╭─ RAW DATA
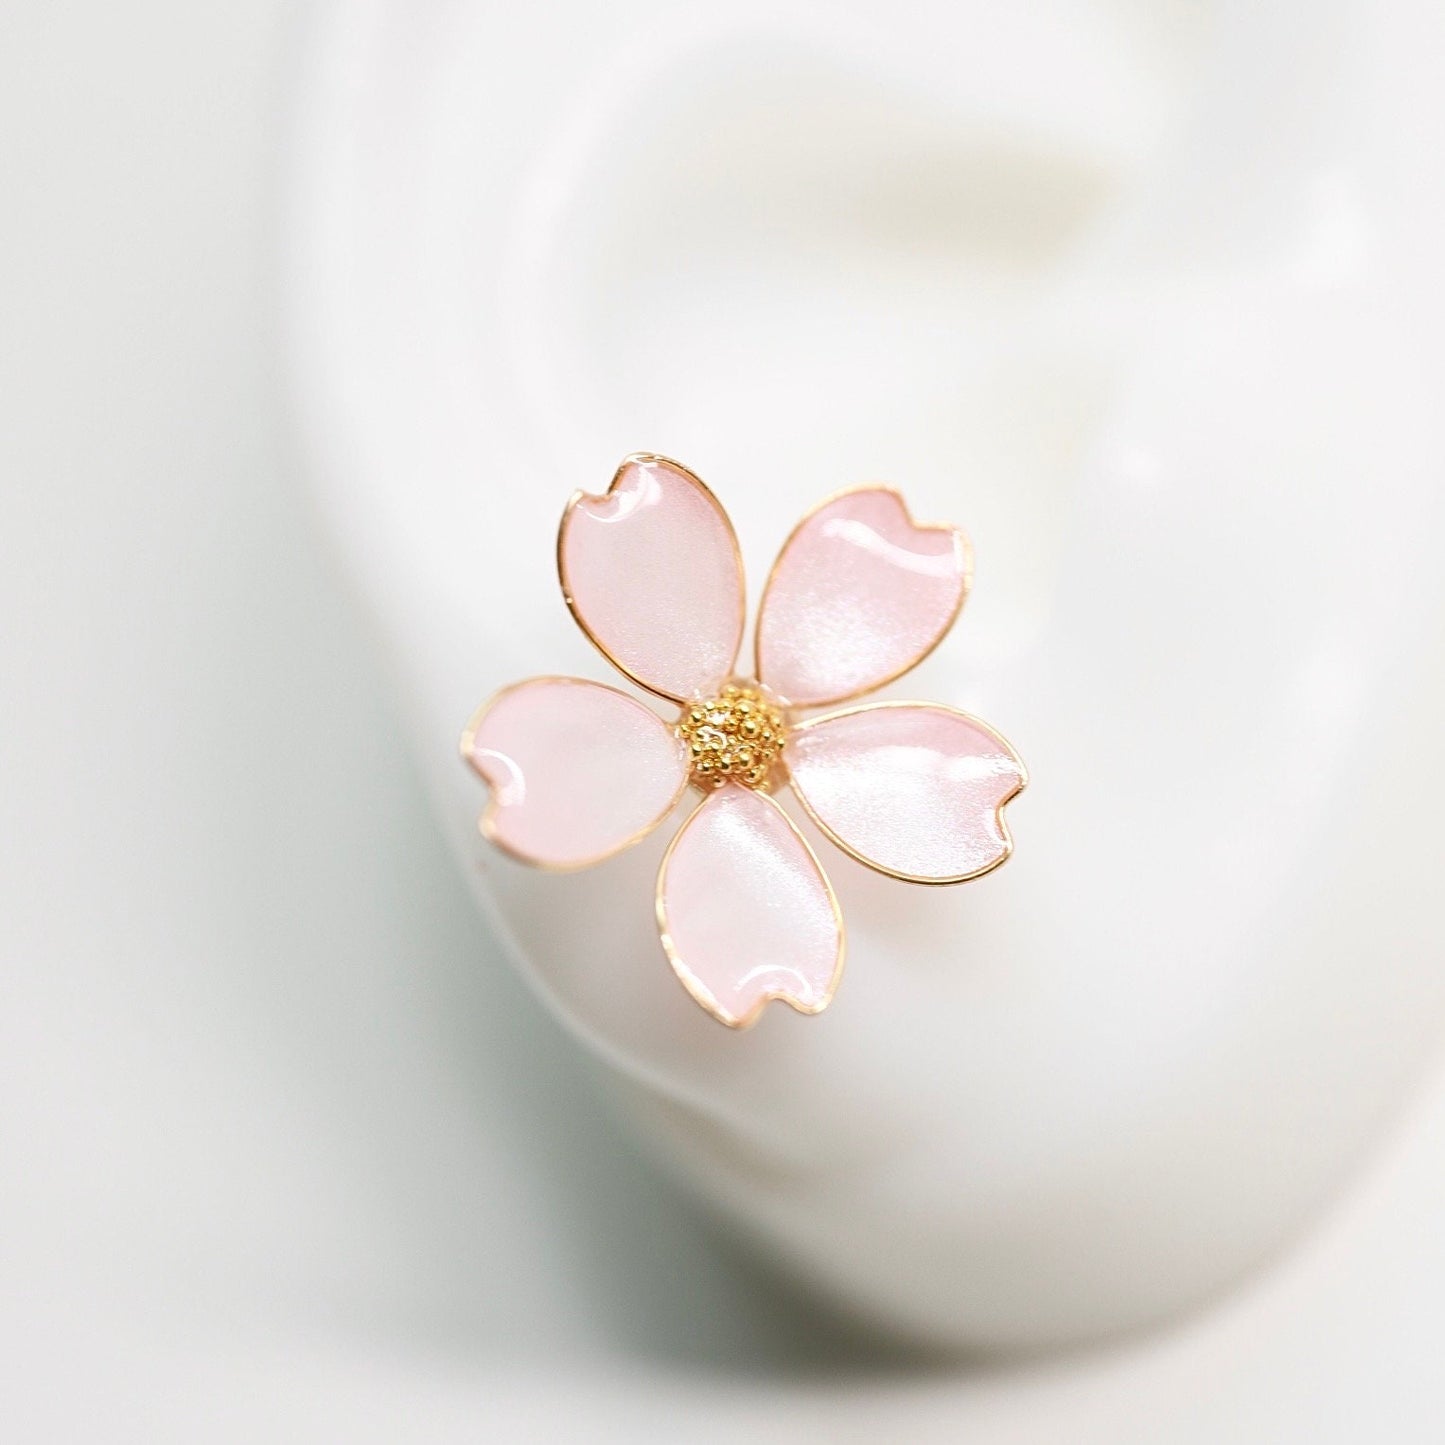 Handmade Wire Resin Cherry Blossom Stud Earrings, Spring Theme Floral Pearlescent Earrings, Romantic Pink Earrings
╰─
╭─ RAW DATA
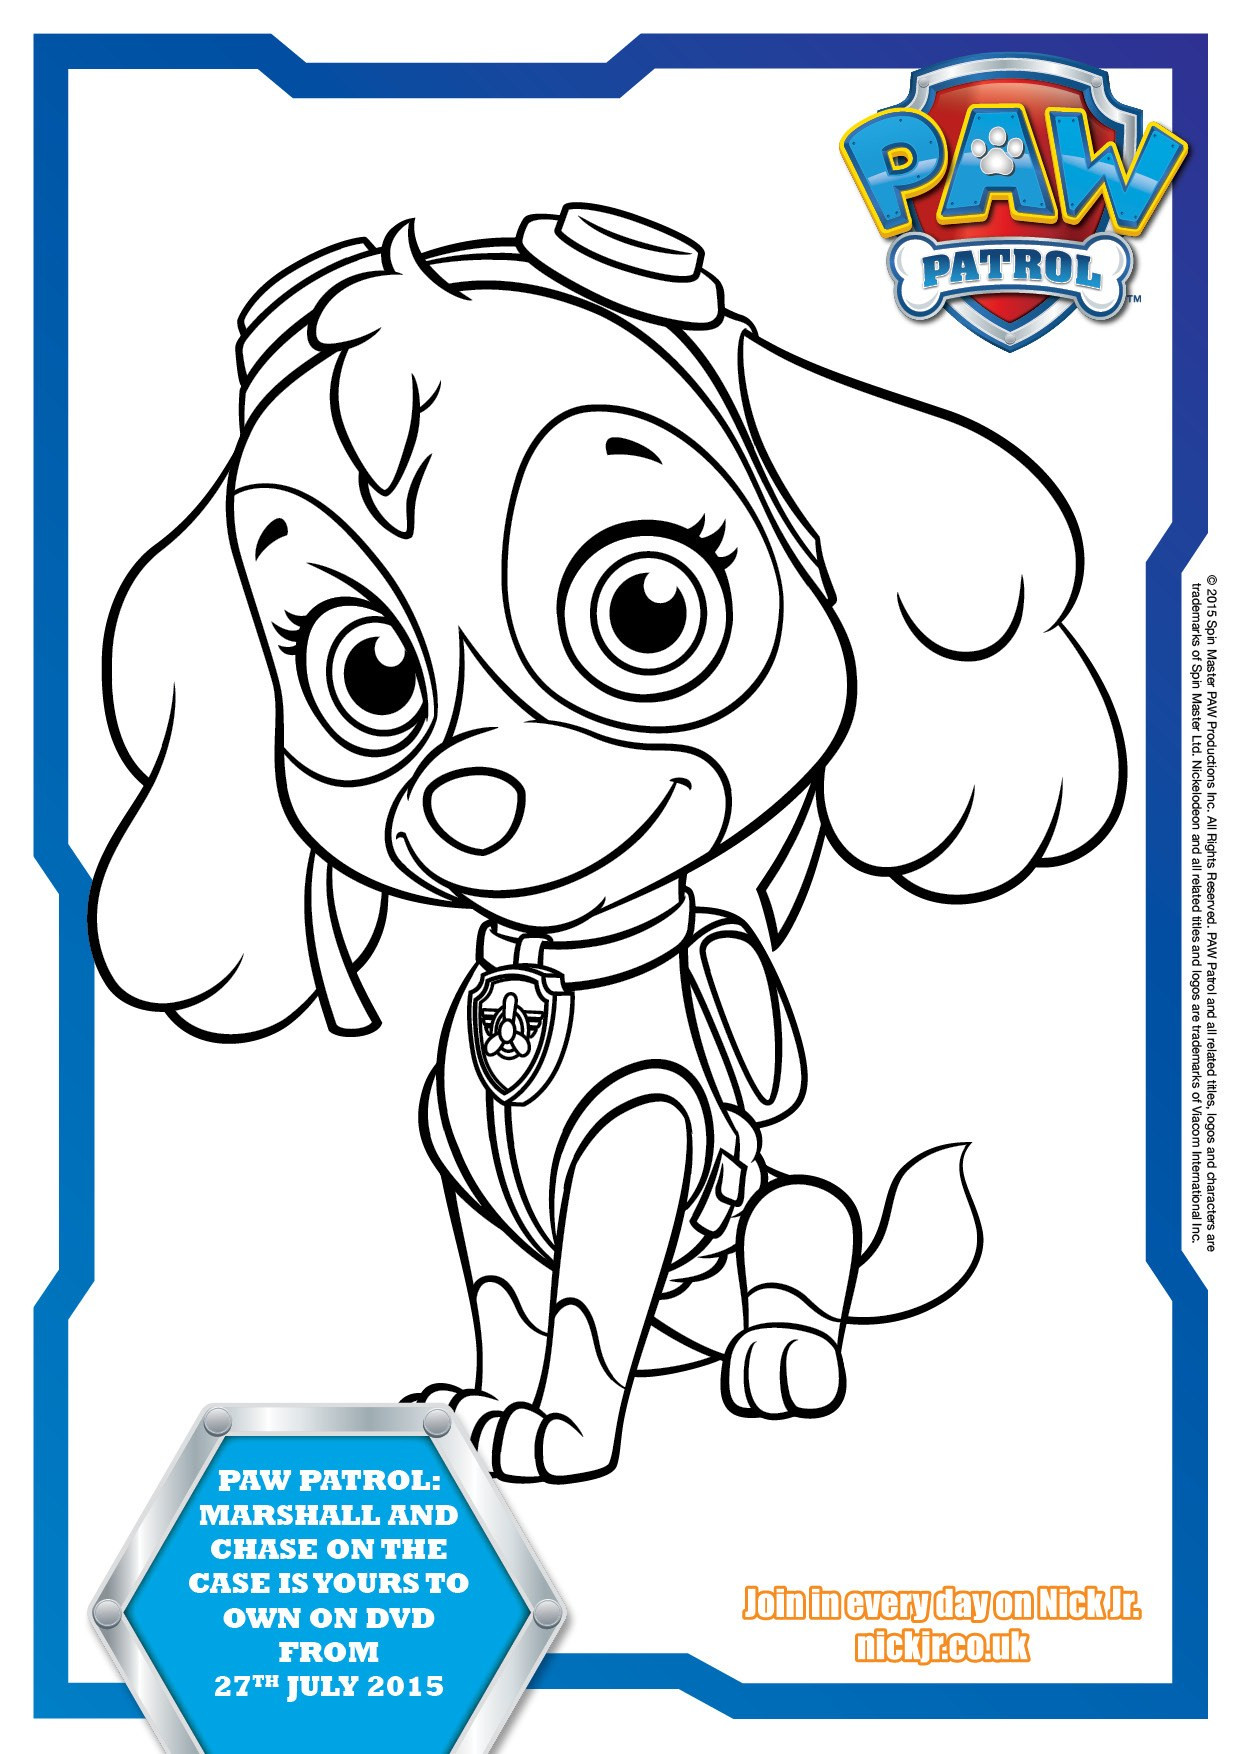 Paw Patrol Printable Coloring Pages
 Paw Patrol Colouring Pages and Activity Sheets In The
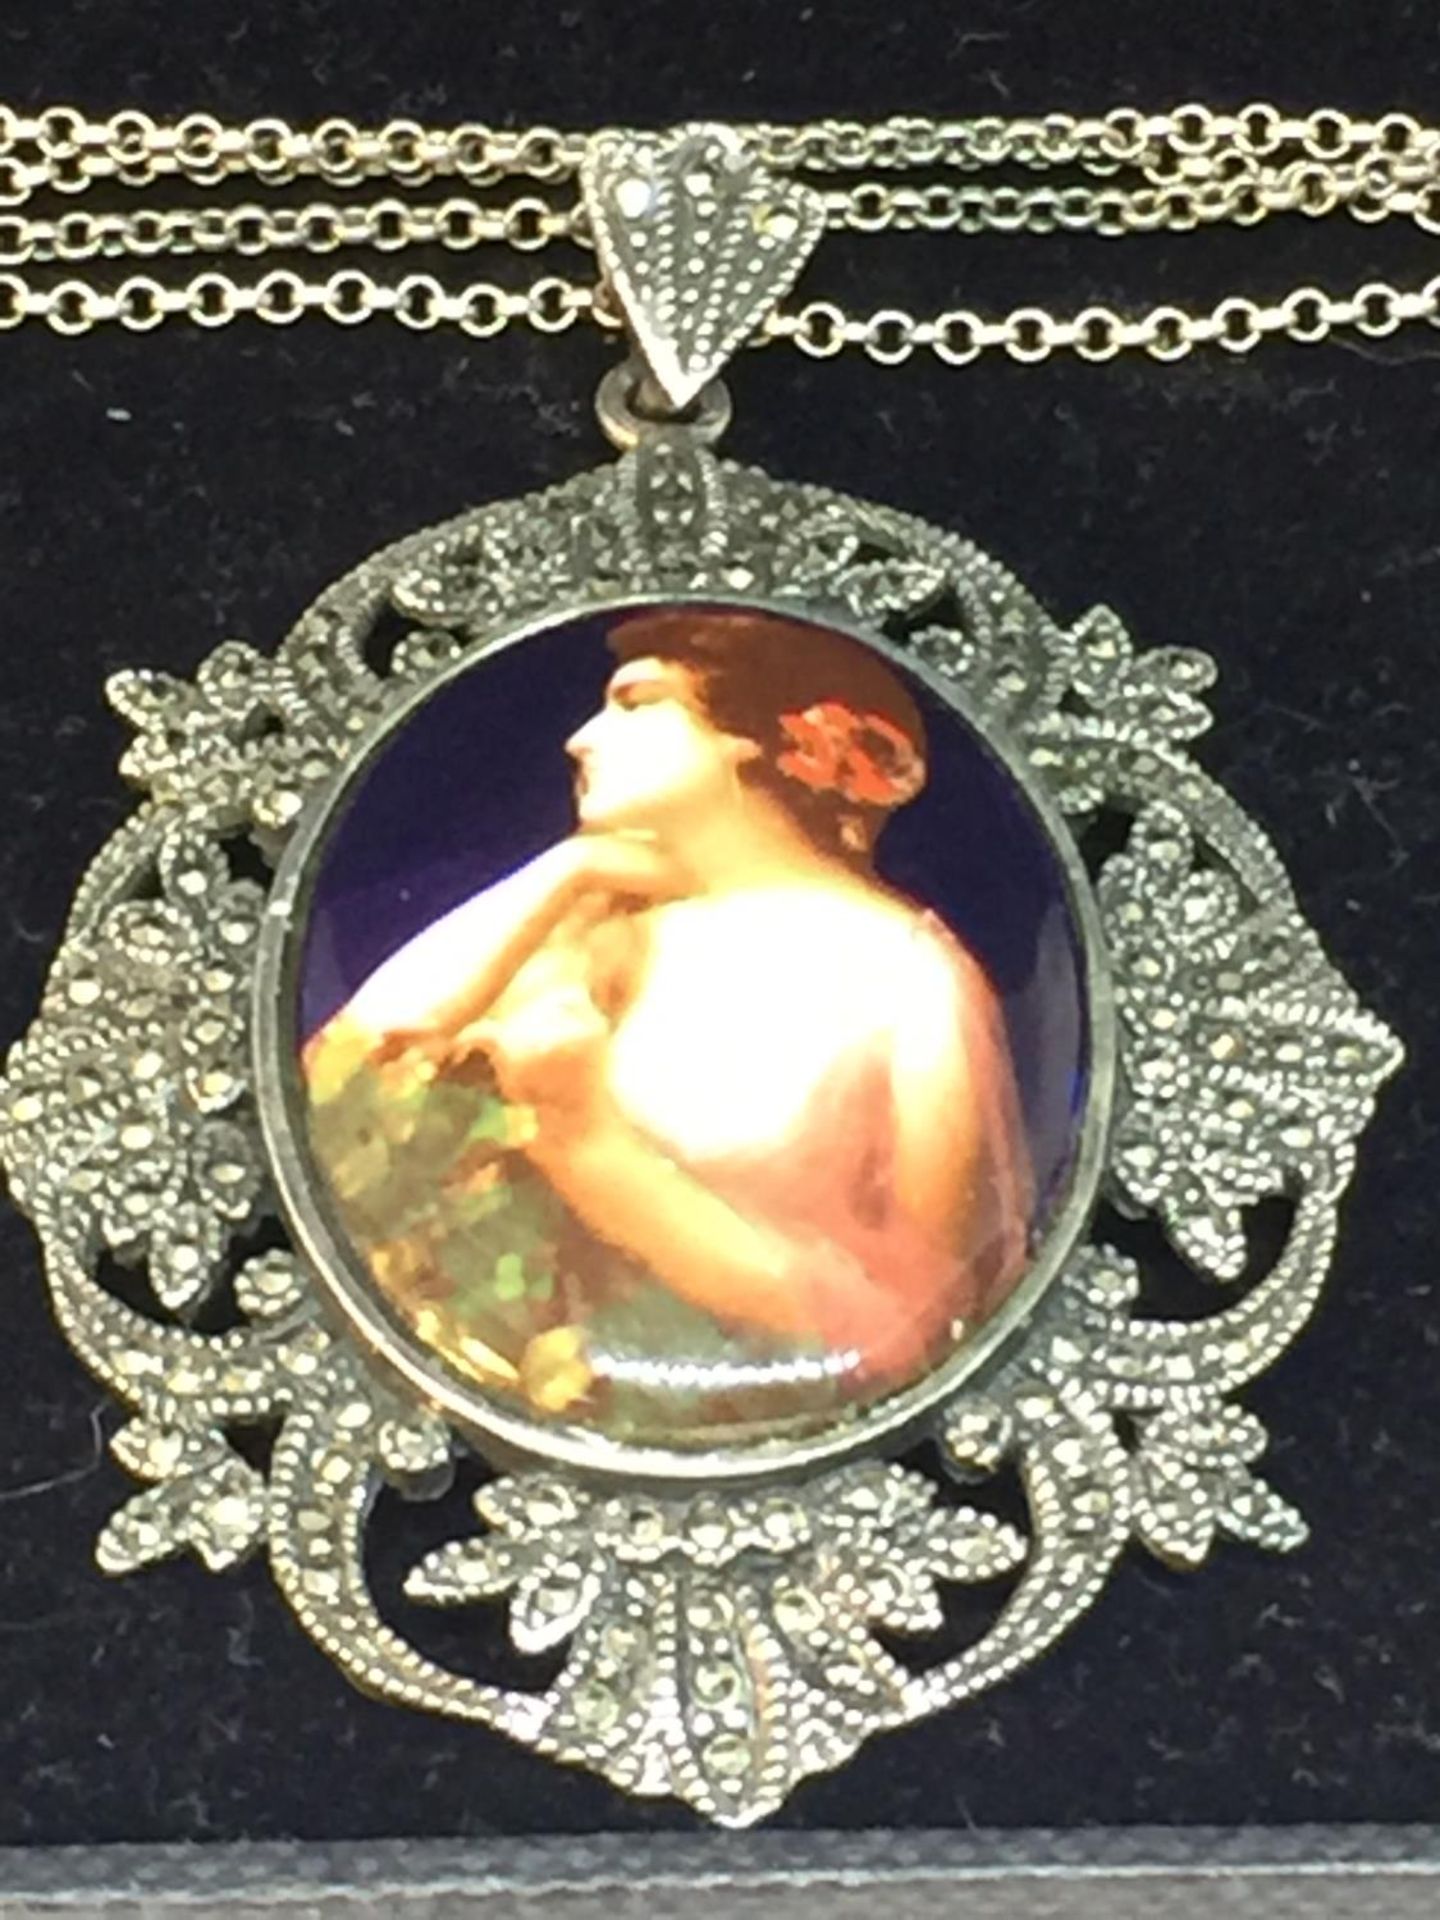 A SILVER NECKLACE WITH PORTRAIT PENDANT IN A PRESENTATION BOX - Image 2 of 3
╰─
╭─ RAW DATA
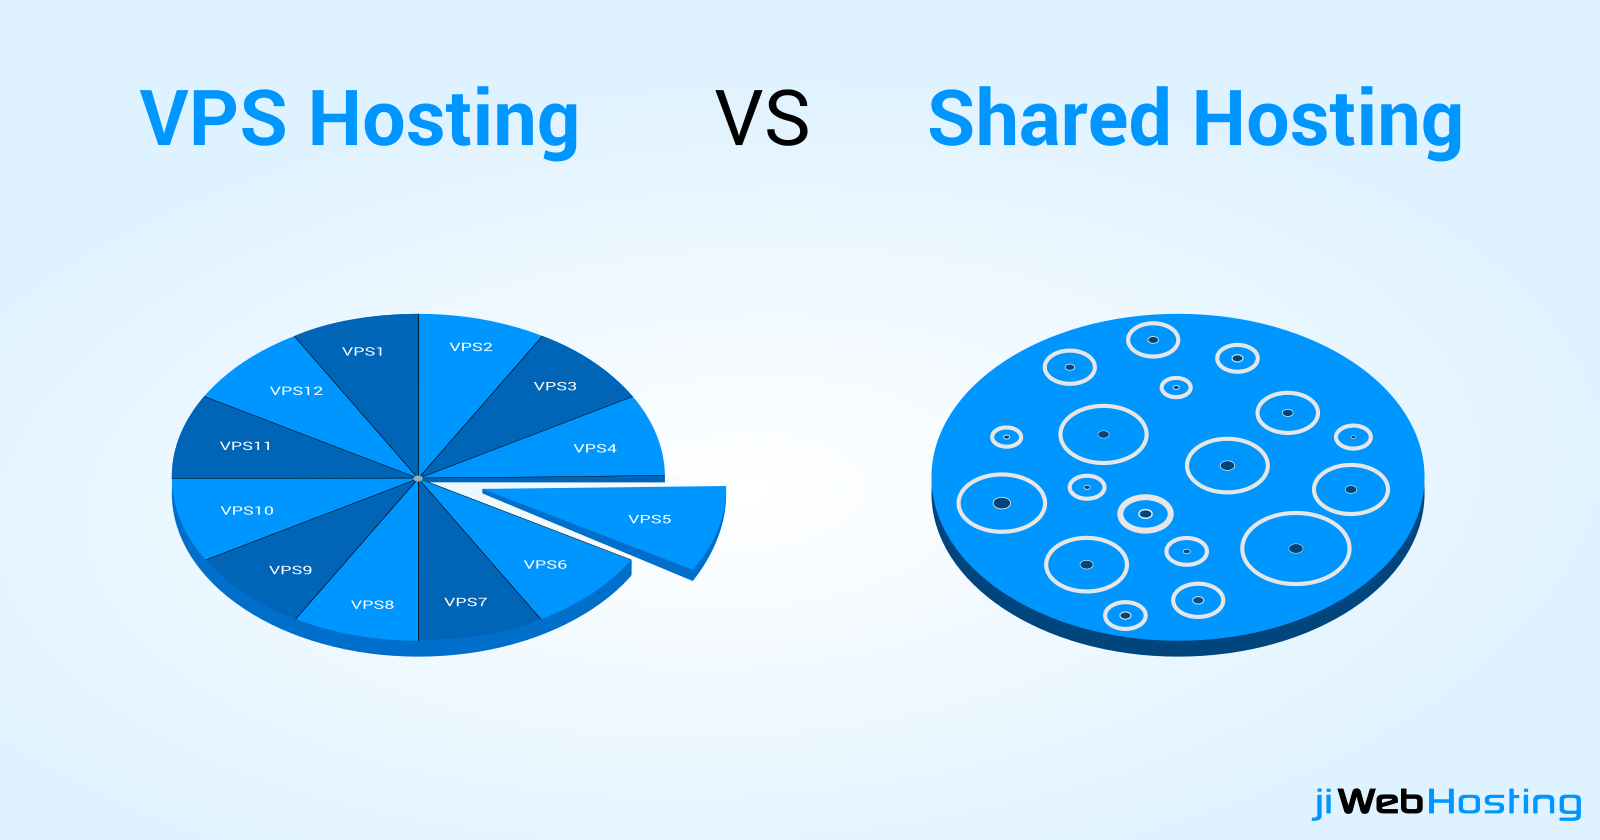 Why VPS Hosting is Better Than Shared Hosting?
╰─
**TASK DESCRIPTION**
Could you transcribe exactly the entries above, but only the lines from the one with "Paw Patrol Printable Coloring Pages" through the one with "A SILVER NECKLACE", and without pictures?

**TASK RESPONSE**
 Paw Patrol Printable Coloring Pages
 Paw Patrol Colouring Pages and Activity Sheets In The
 A SILVER NECKLACE WITH PORTRAIT PENDANT IN A PRESENTATION BOX - Image 2 of 3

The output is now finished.